Five Steps To Take To Protect The Financial Future Of Your Children
Step #1 - Who will be the guardian of your minor children?
One of the first decisions young parents must make is deciding who will take care of their minor children. Estate planning will help reduce this discussion to writing. By creating a will or trust, a young family can determine who will care for their minor children if something unfortunate should happen to both parents.
If young families do not plan for these circumstances, the courts will determine which family member or friend will care for the minor children. By naming a guardian in their wills, parents can avoid this mistake. The estate plan will designate a person to raise their minor children in a manner that is acceptable to both parents and avoid family conflicts over the care of the minor children.
Step #2 - How will your property be managed?
For young families it is important to designate someone to manage the assets of the estate. If the estate plan does not detail how the assets should be managed for the minor children, the courts will be forced to act. This can lead to expenses that can be avoided with estate planning. A common solution is to leave the assets to a testamentary trust.
A testamentary trust establishes a trust for minor children that is created within a will. The will designates a trustee to manage the assets for the benefit of the children. Once the children reach a certain age the assets remaining in the trust can be fully distributed to the children.
Step #3 - Who will get your personal possessions?
For young families without a large amount of assets this may make estate planning seem not worth the time or effort. However, in the absence of an estate plan, the disposition of personal possessions will be determined by South Dakota law.
Step #4 - Who is responsible for managing your estate?
Every young family has numerous monthly responsibilities. For instance, someone needs to be designated to close bank accounts, pay bills, and administer the estate. A will can expand the powers granted to the personal representative so that he or she can complete the estate in the most efficient manner.
Step #5 - Who will handle your health care and financial decisions?

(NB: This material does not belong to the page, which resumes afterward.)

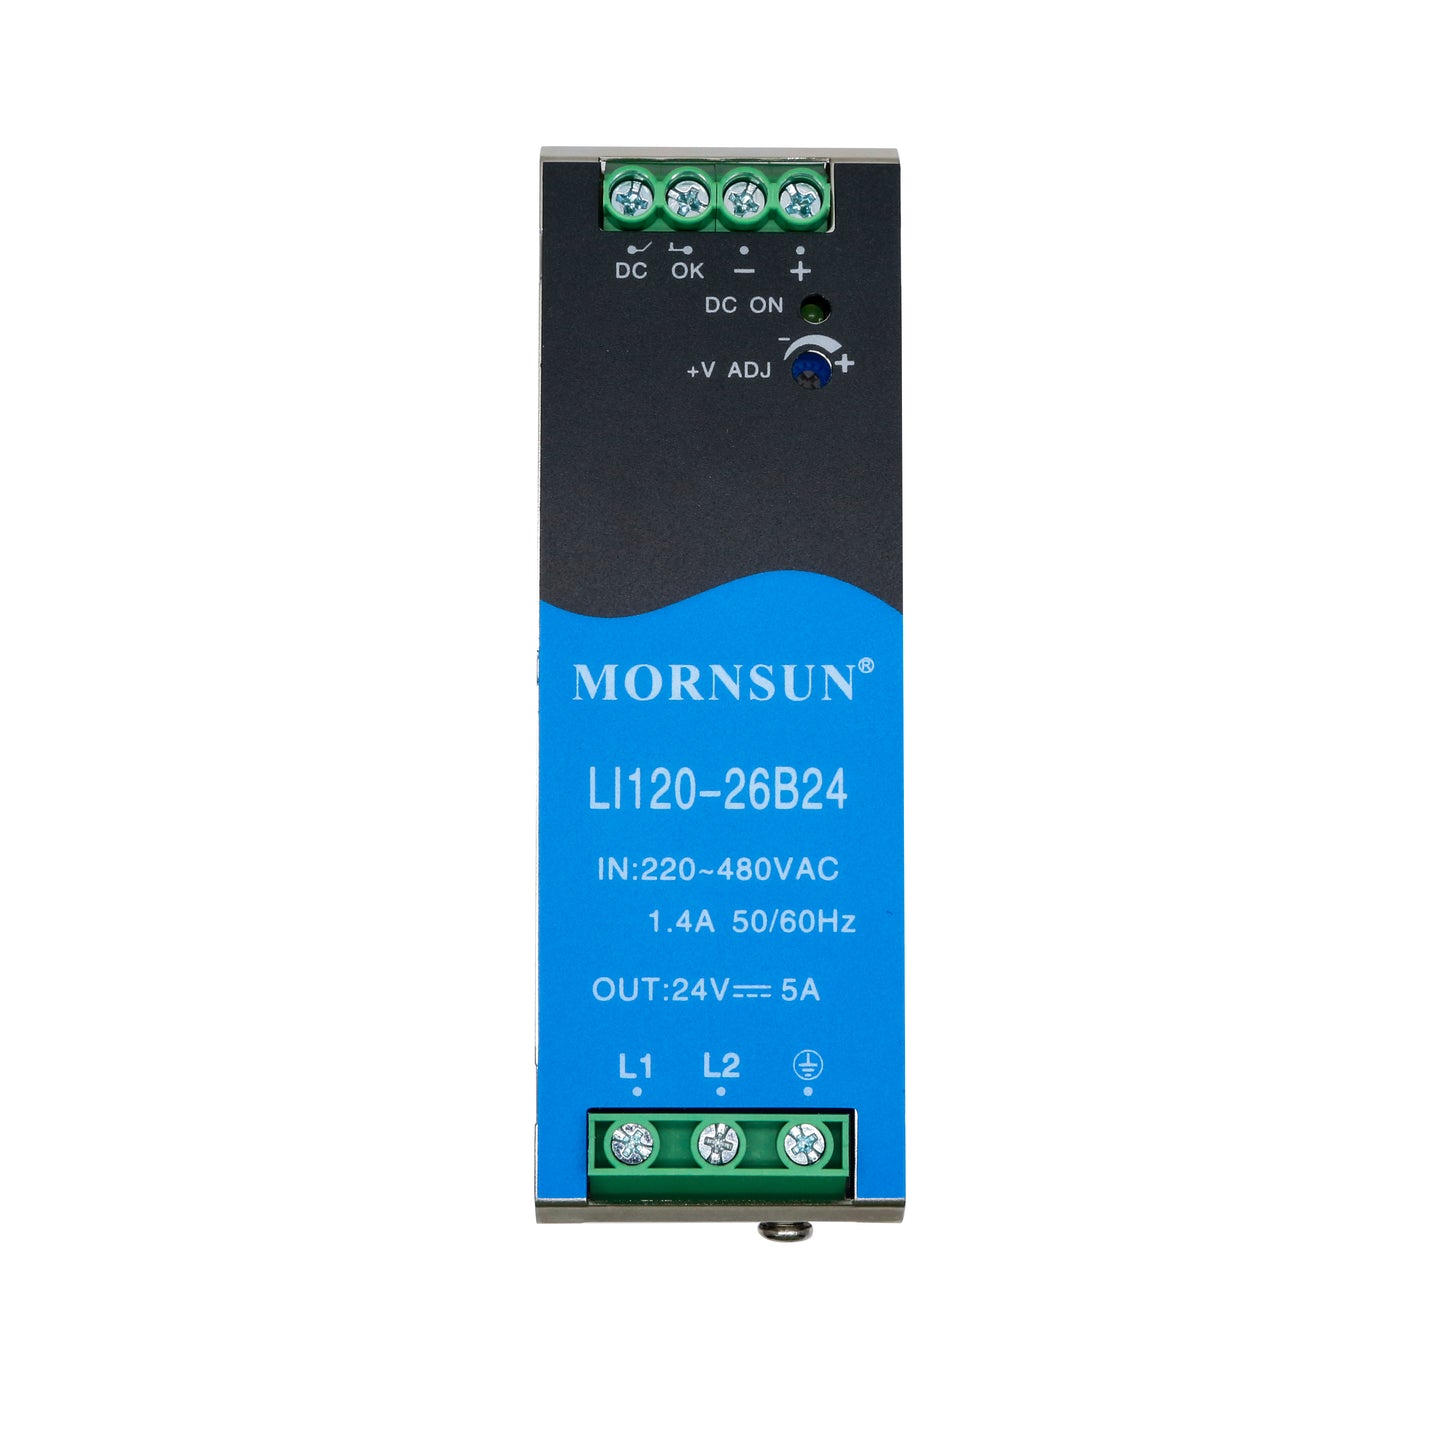 Mornsun SMPS Switching Power Supply 12V 24V 48V 120W LI120 3-Phase 180-600VAC AC DC Din Rail Power Supply 120W 12V 24V 48V

One area of estate planning that is often overlooked is naming a person to make health care and financial decisions. Of course, if a young couple is married, the most likely person will be the spouse. However, if the young couple is in an accident together who will make sure the bills are paid and health care directives are followed? Young families should remember that estate planning involves creating a power of attorney for health care decisions and financial decisions.